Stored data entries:
┄┄┄┄┄┄
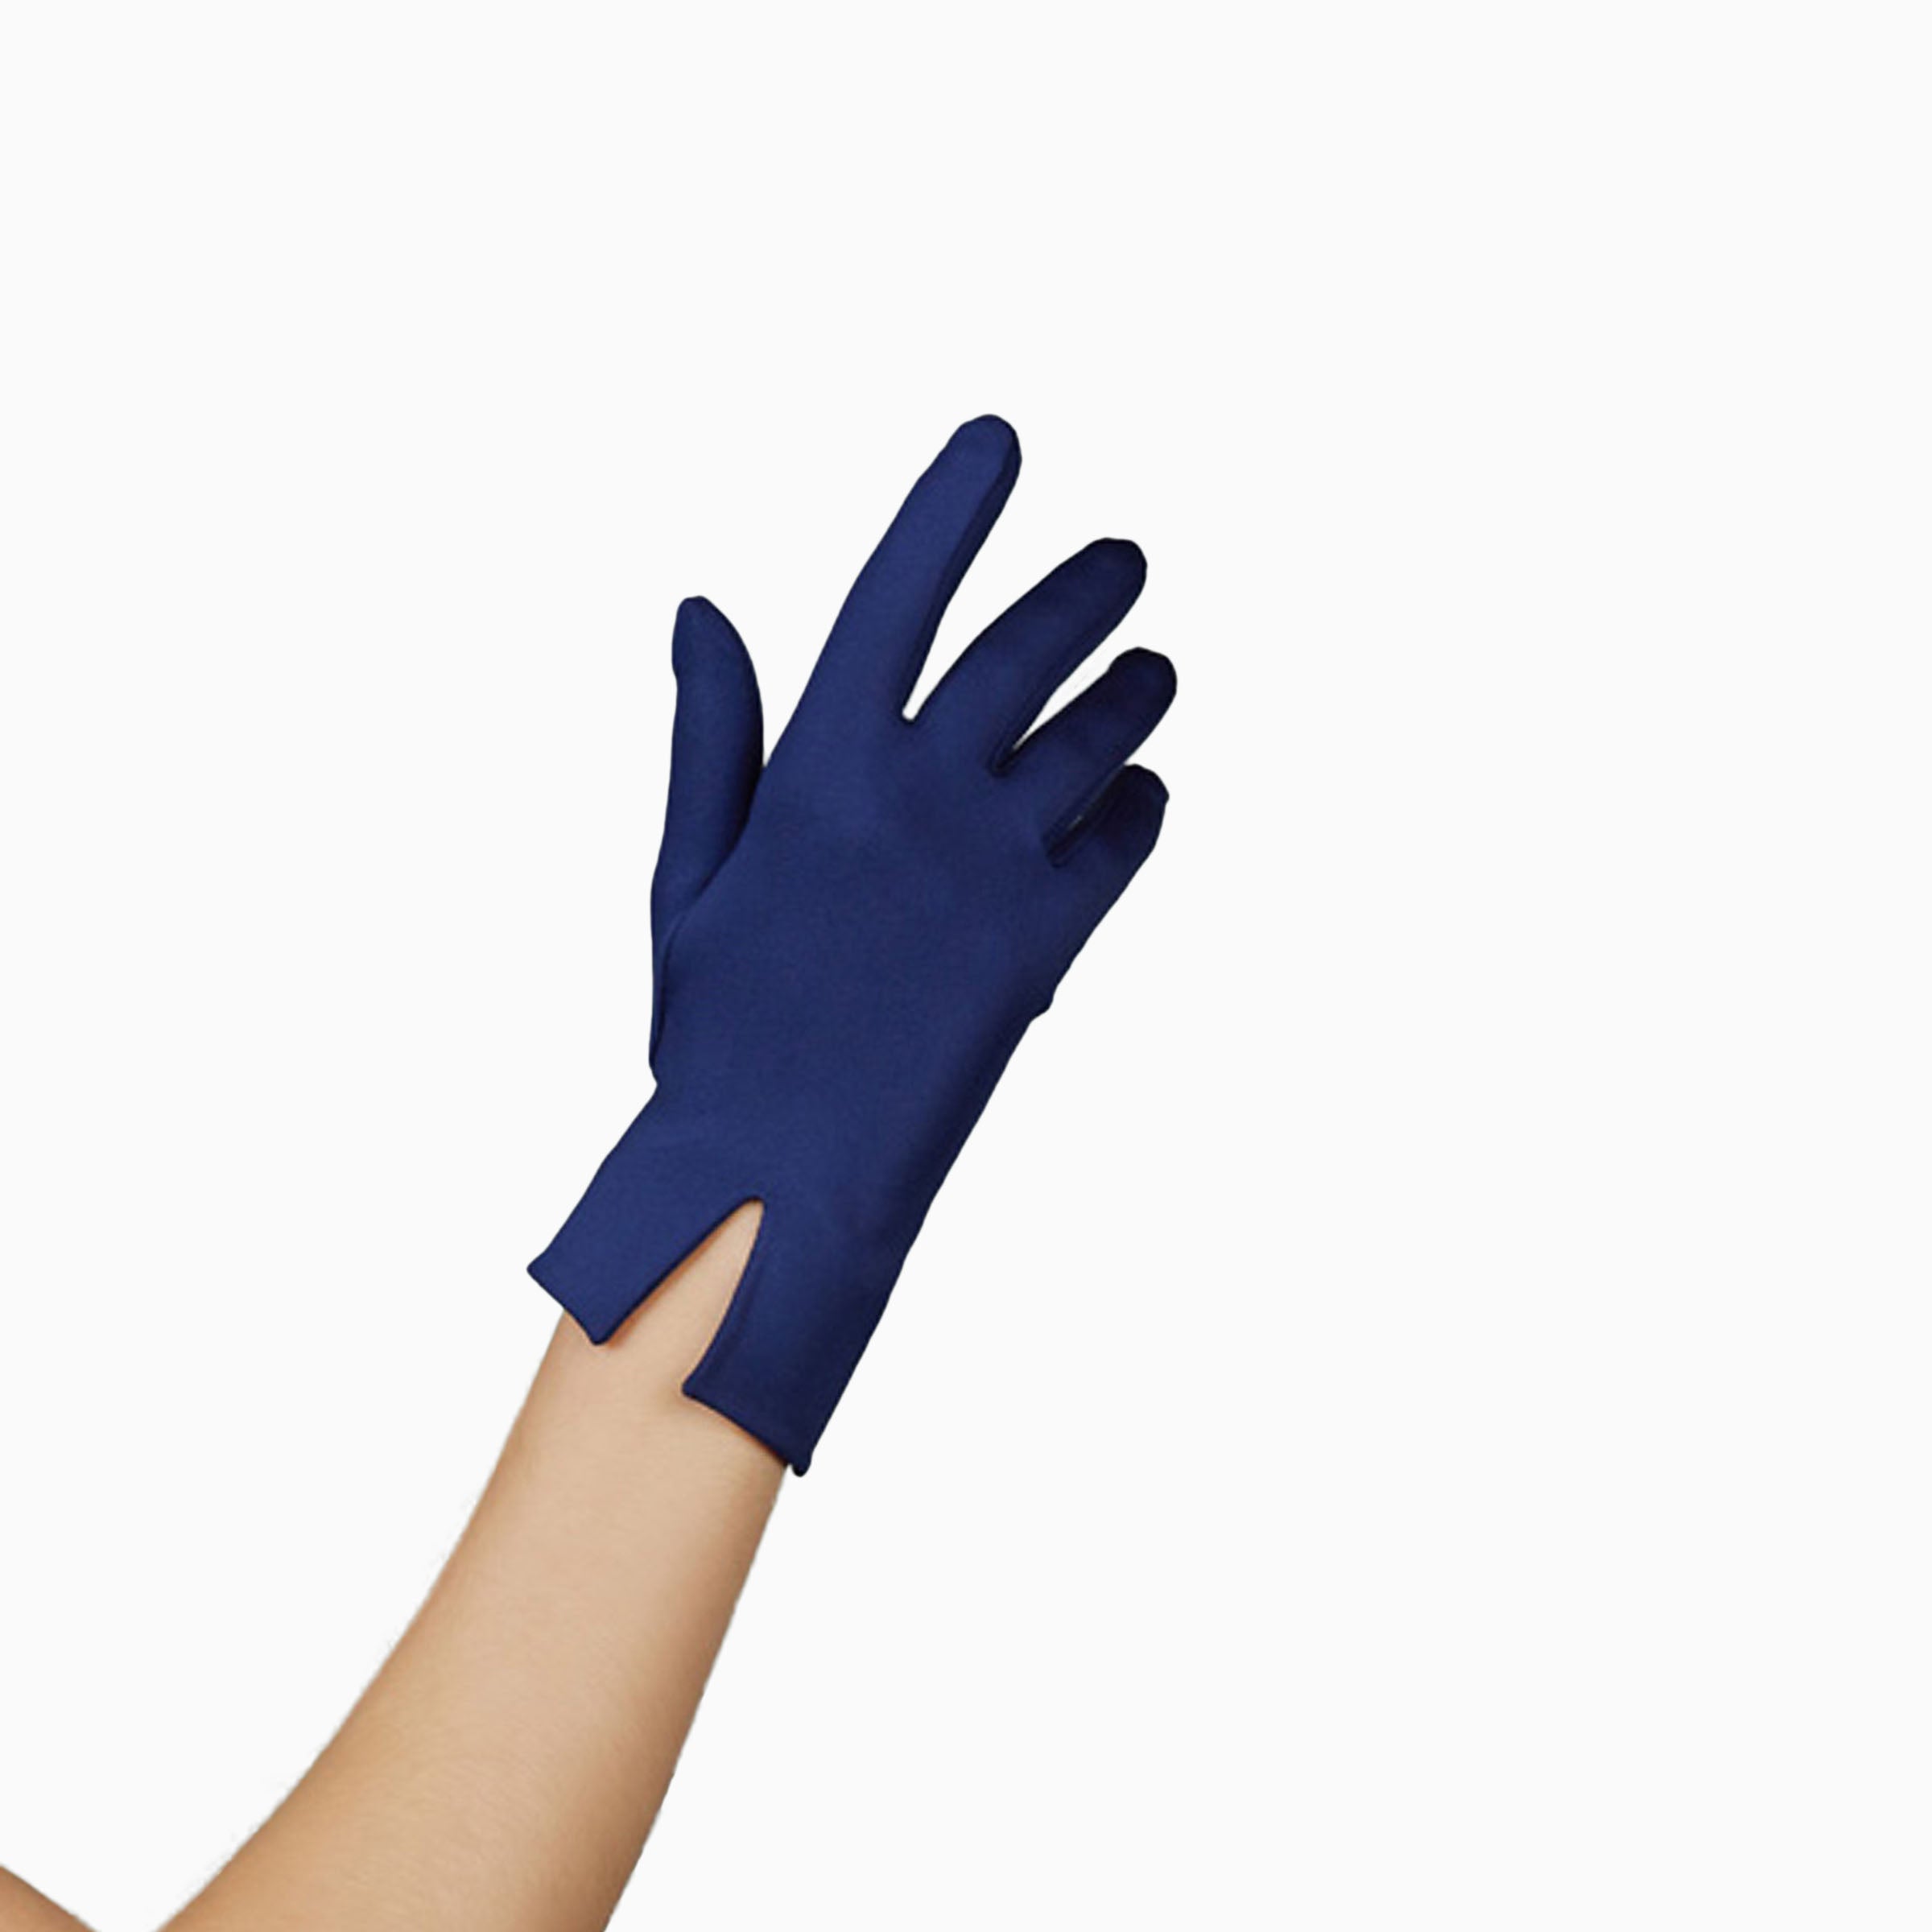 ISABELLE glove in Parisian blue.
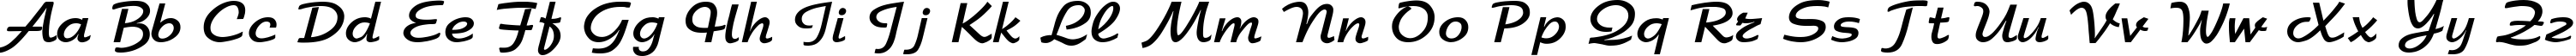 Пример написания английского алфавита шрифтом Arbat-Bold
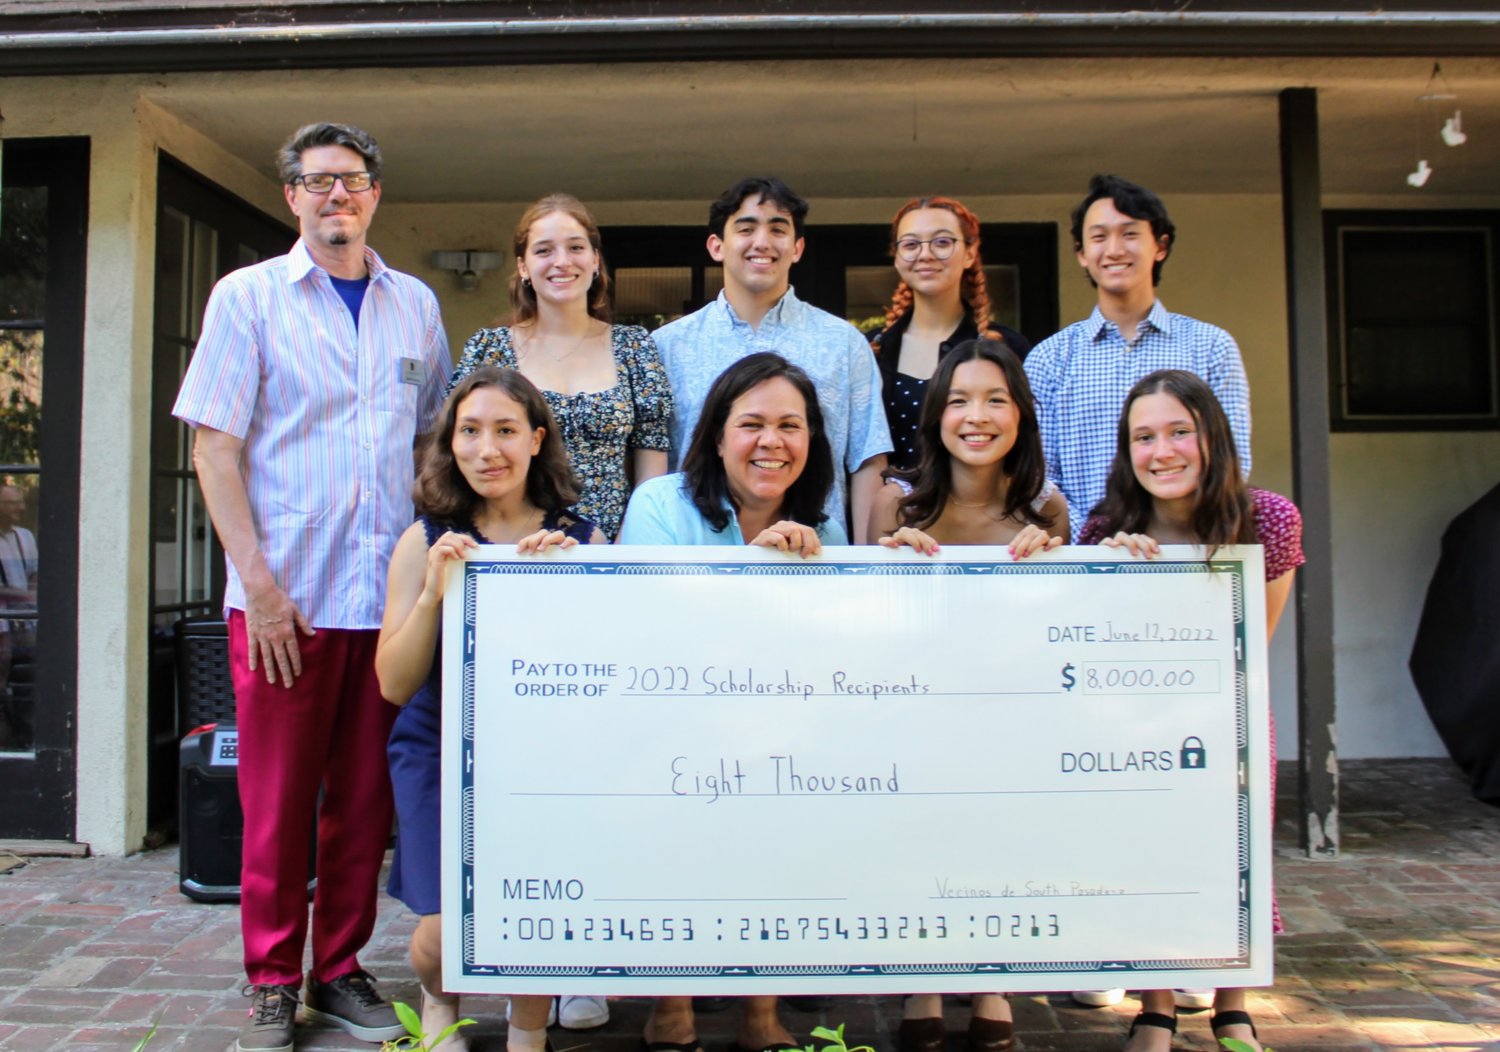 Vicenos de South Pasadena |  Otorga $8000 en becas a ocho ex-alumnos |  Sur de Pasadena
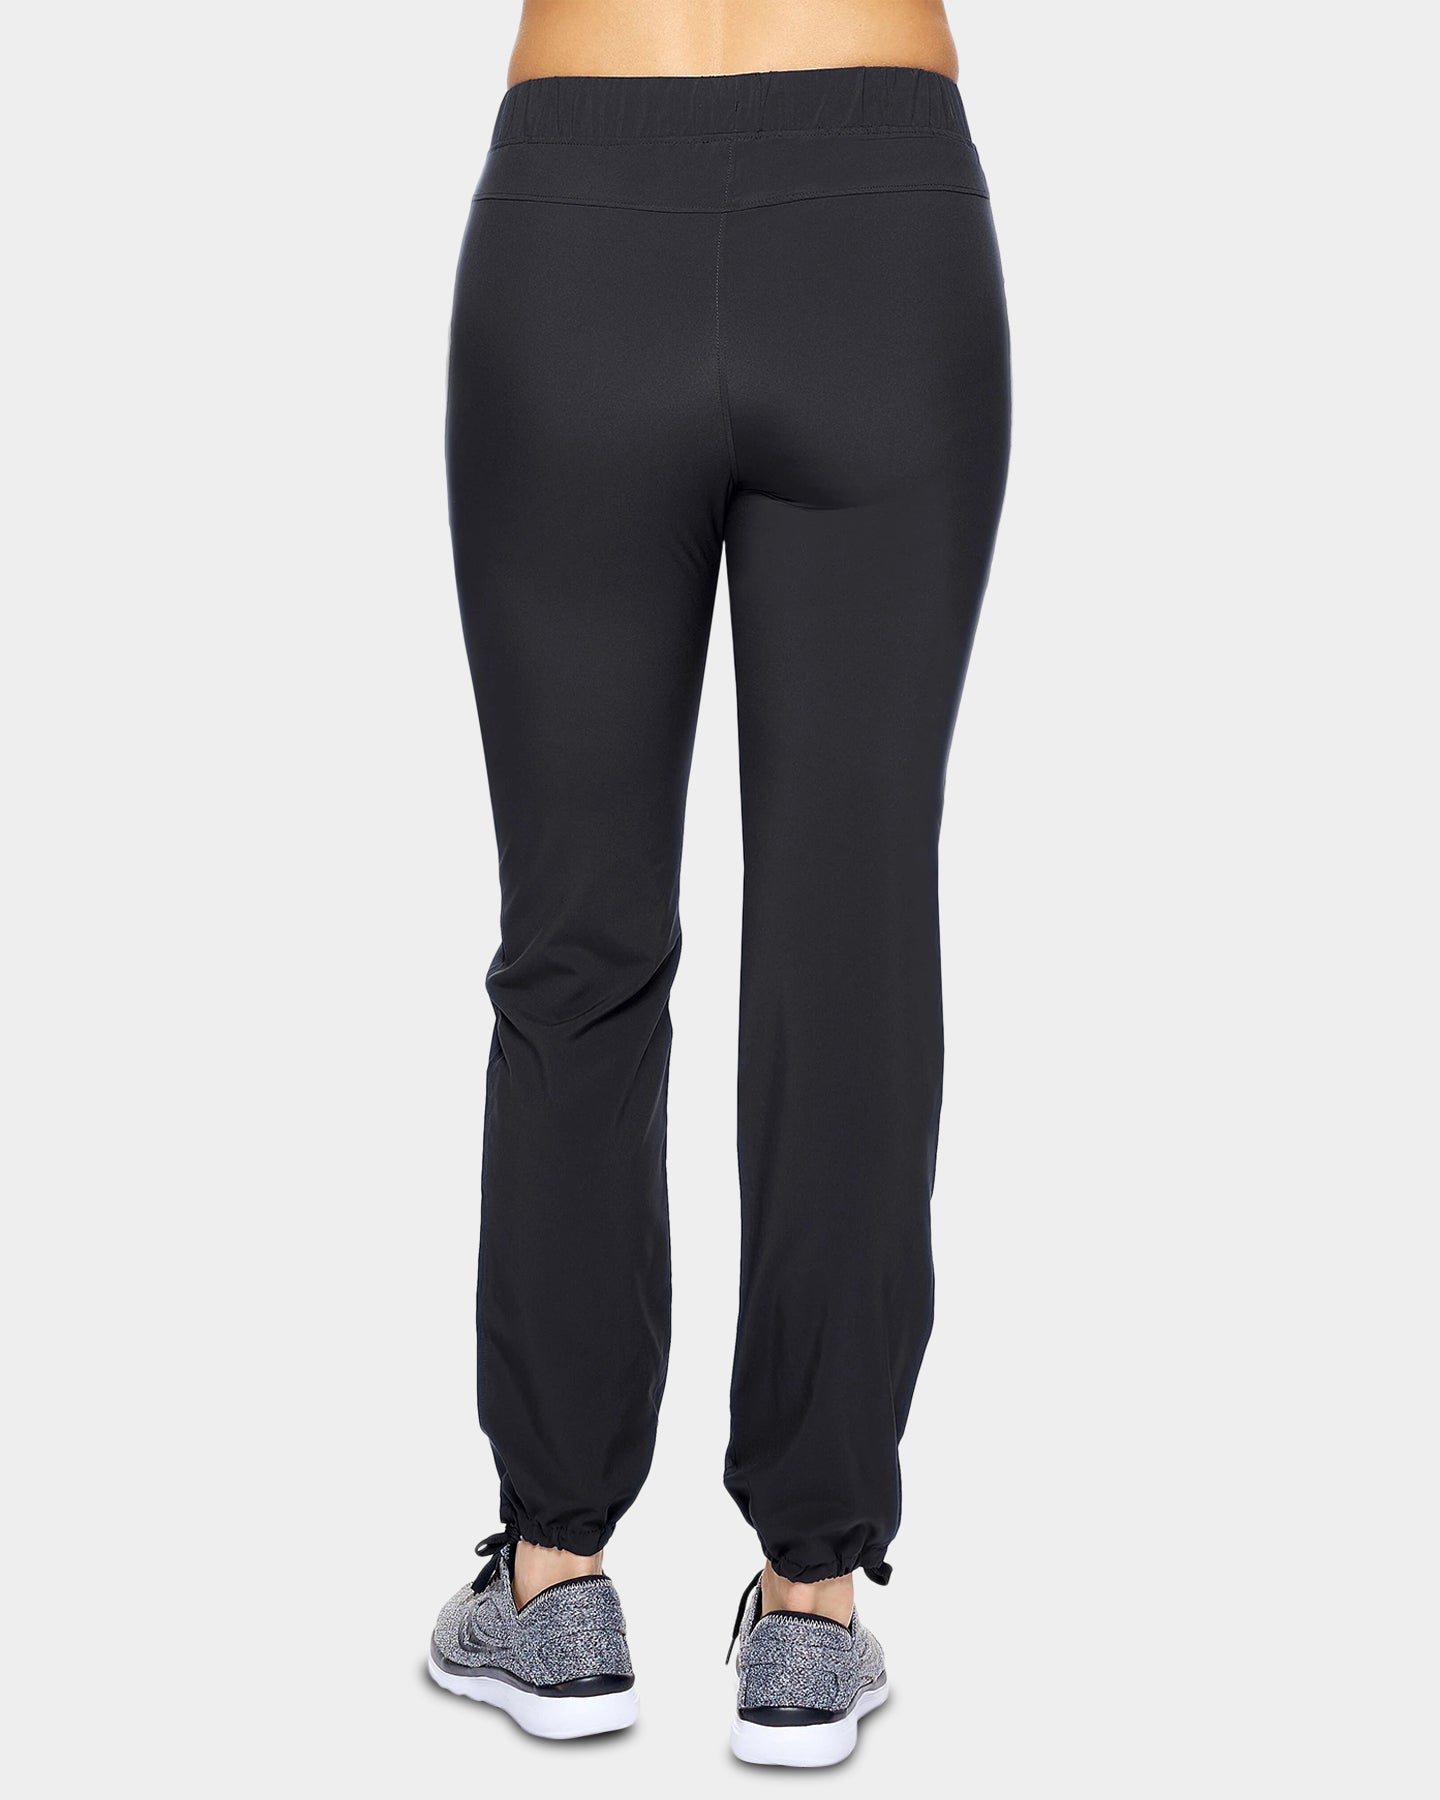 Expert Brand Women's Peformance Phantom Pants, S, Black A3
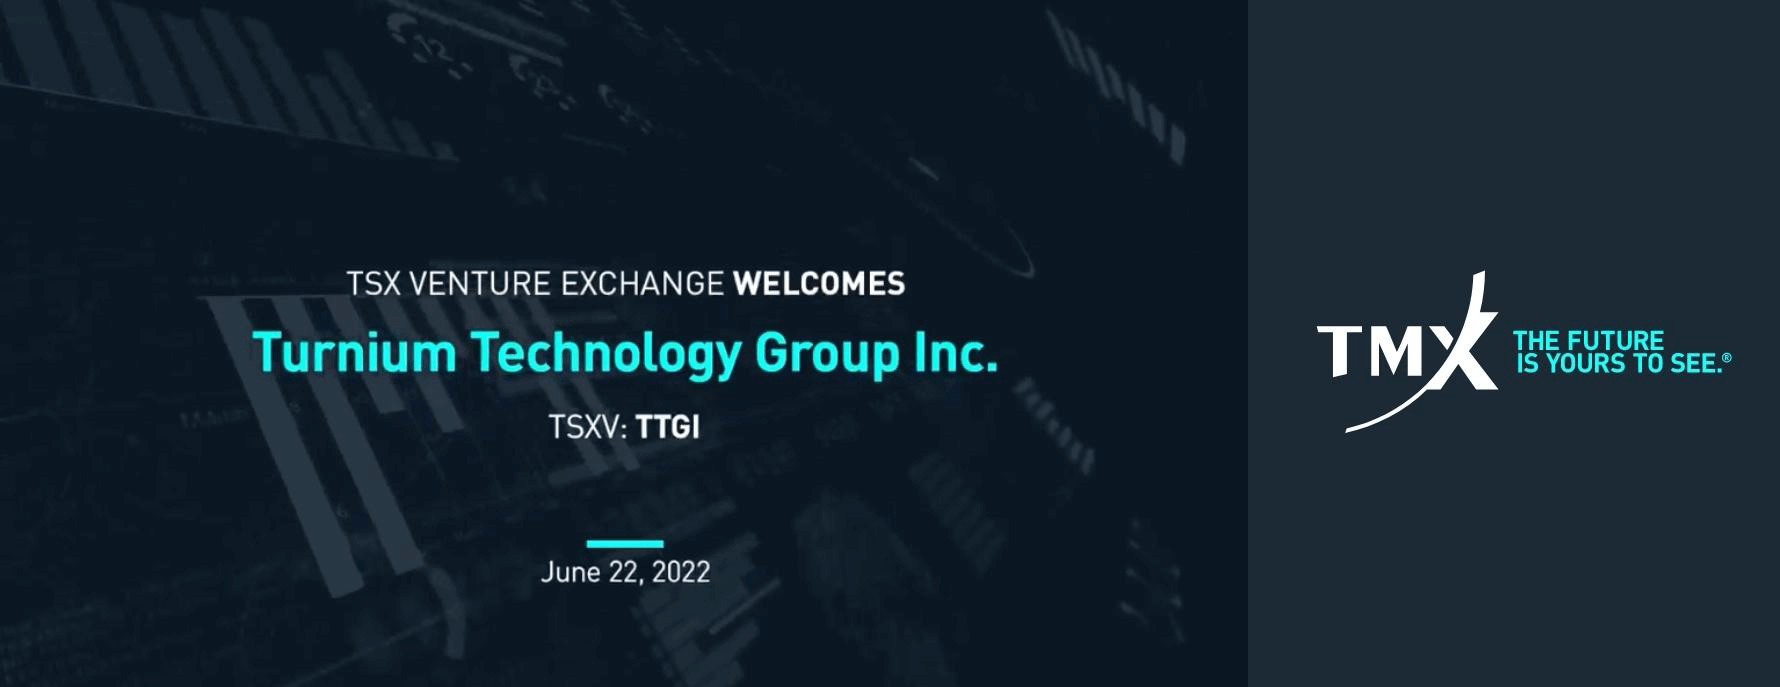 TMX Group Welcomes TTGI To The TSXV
┄┄┄┄┄┄
Lines from the one containing "Vicenos de South" through the final line of the entries above are to be retyped exactly, with every picture left out.

Task result:
 Vicenos de South Pasadena |  Otorga $8000 en becas a ocho ex-alumnos |  Sur de Pasadena
 Expert Brand Women's Peformance Phantom Pants, S, Black A3
 TMX Group Welcomes TTGI To The TSXV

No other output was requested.